それに対して、ボリスはふと暗い顔になった。
「そのことだけど、兄さん。僕、行かない。行かない事にした」
一度落とした暗い影を、どうにか拾って微笑んだ弟。しかし、兄から視線をそらしたその表情は、暗いものよりも痛々しかった。
イヴァンは何も言わない。腕を組んで、じっと弟を見る。そうしているうちに、イヴァンが頼んだセットのサラダが届いた。
「父さん、また入院するんだろ? 今度は、手術もするって言うし、いろいろお金もかかるから」
腕をほどいてサラダを食べ始めた兄。ボリスはそれを機に、両手を膝の上に置いて絞り出すように言った。その手は兄には見えない。強く、握りしめていた。

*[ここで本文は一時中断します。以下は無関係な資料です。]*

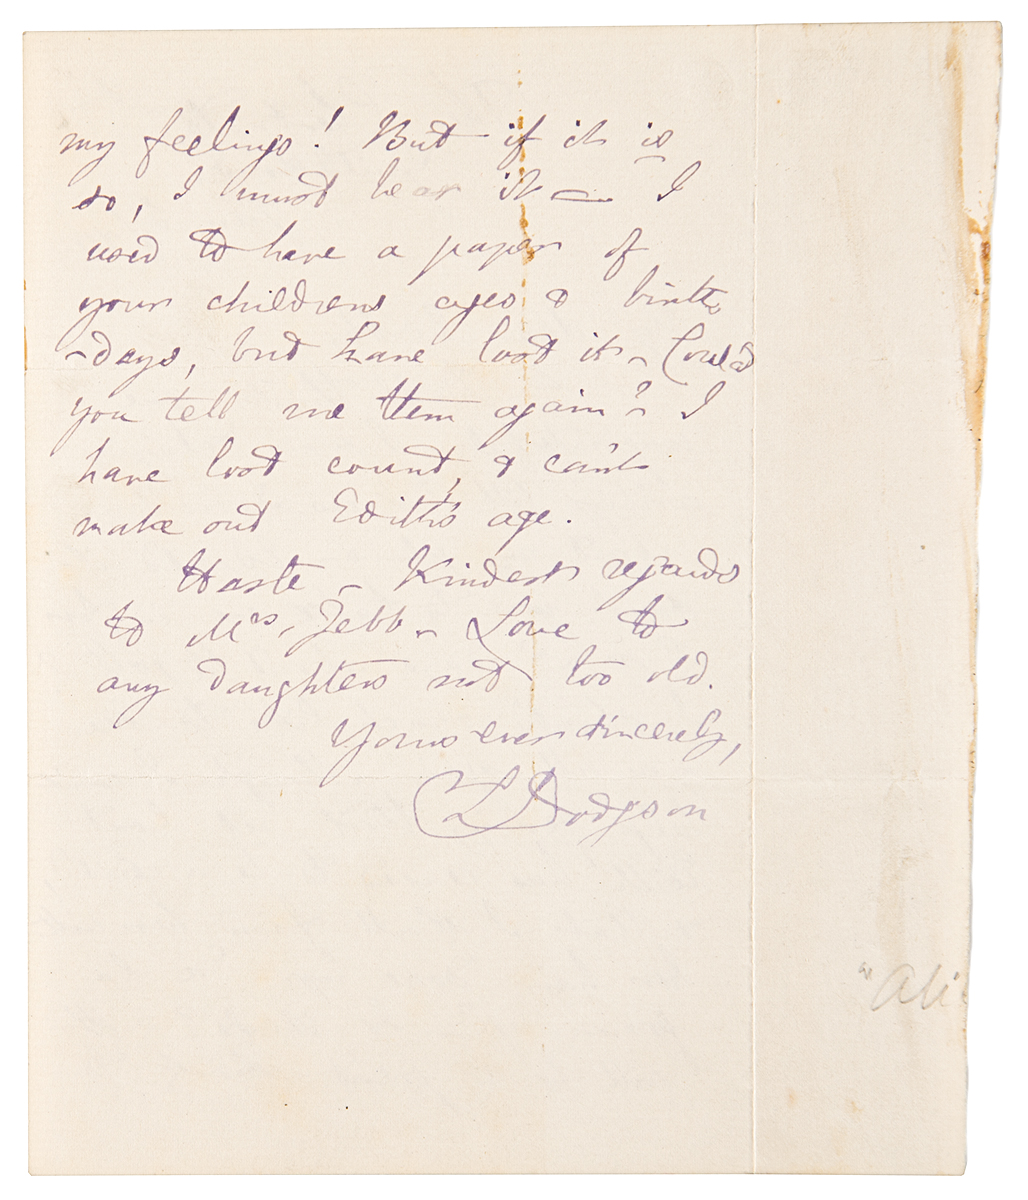 Lot #519 Charles L. Dodgson Autograph Letter Signed: "Love to any daughters not too old" - Image 2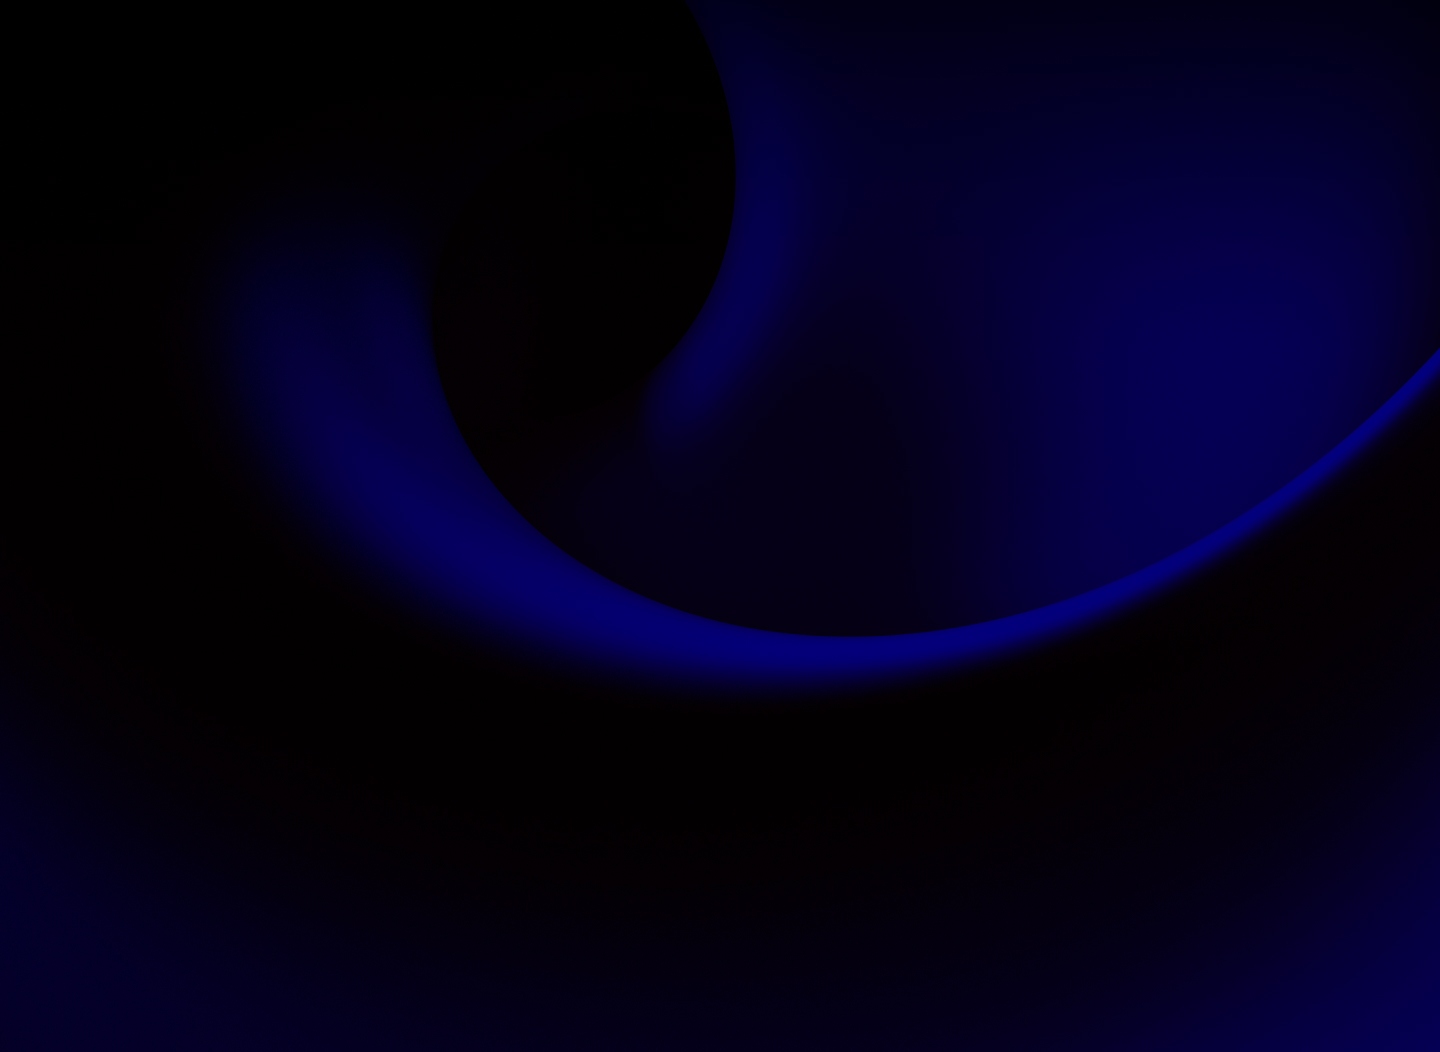 hero background black with blue shapes - centralized creative feedback-1

イヴァンは一度フォークを置く。笑顔はない。強さを感じる碧眼でまっすぐに弟を貫いていた。
「バカ、金なら俺がなんとでもしてやる」
ボリスが大和に来るという話を聞いたときから、何となく、イヴァンは予感がしていた。家の経済状況が分かるようになってきた弟が、いくら軍で見習いとして働いて貯めた金だとしても、思いつきの旅行で消費するはずがない、と。
一度軽く息を吐くと、イヴァンは優しい笑みを浮かべた。
「今回大和に来たのも、諦められなかったからだろ。飛行機代だけなら、お前の貯金で何とかなったはずだからな。……今度は、学校の友達連と楽しめよ。金なら大丈夫だから」
「でも……兄さんには、良い中学行かせてもらってるし」
そんな弟の言い分も、兄には十分予測できていた。食べかけだったサラダに再び手を付けていく。
ボリスは現在、シベル国内でも名門と名高い私立の進学校に通っている。彼としては、小学校卒業後は兄と同じように軍で生活するつもりだった。家に金がないのは相変わらずなのだ。
しかし、イヴァンは決してそれを認めなかった。
それどころか、普通の公立の学校でもない、何倍もの学資のかかる学校への進学を熱心に勧めた。学費は全て一人で負担すると、渋る親族を黙らせて。
それをボリスは後ろめたく思っていた。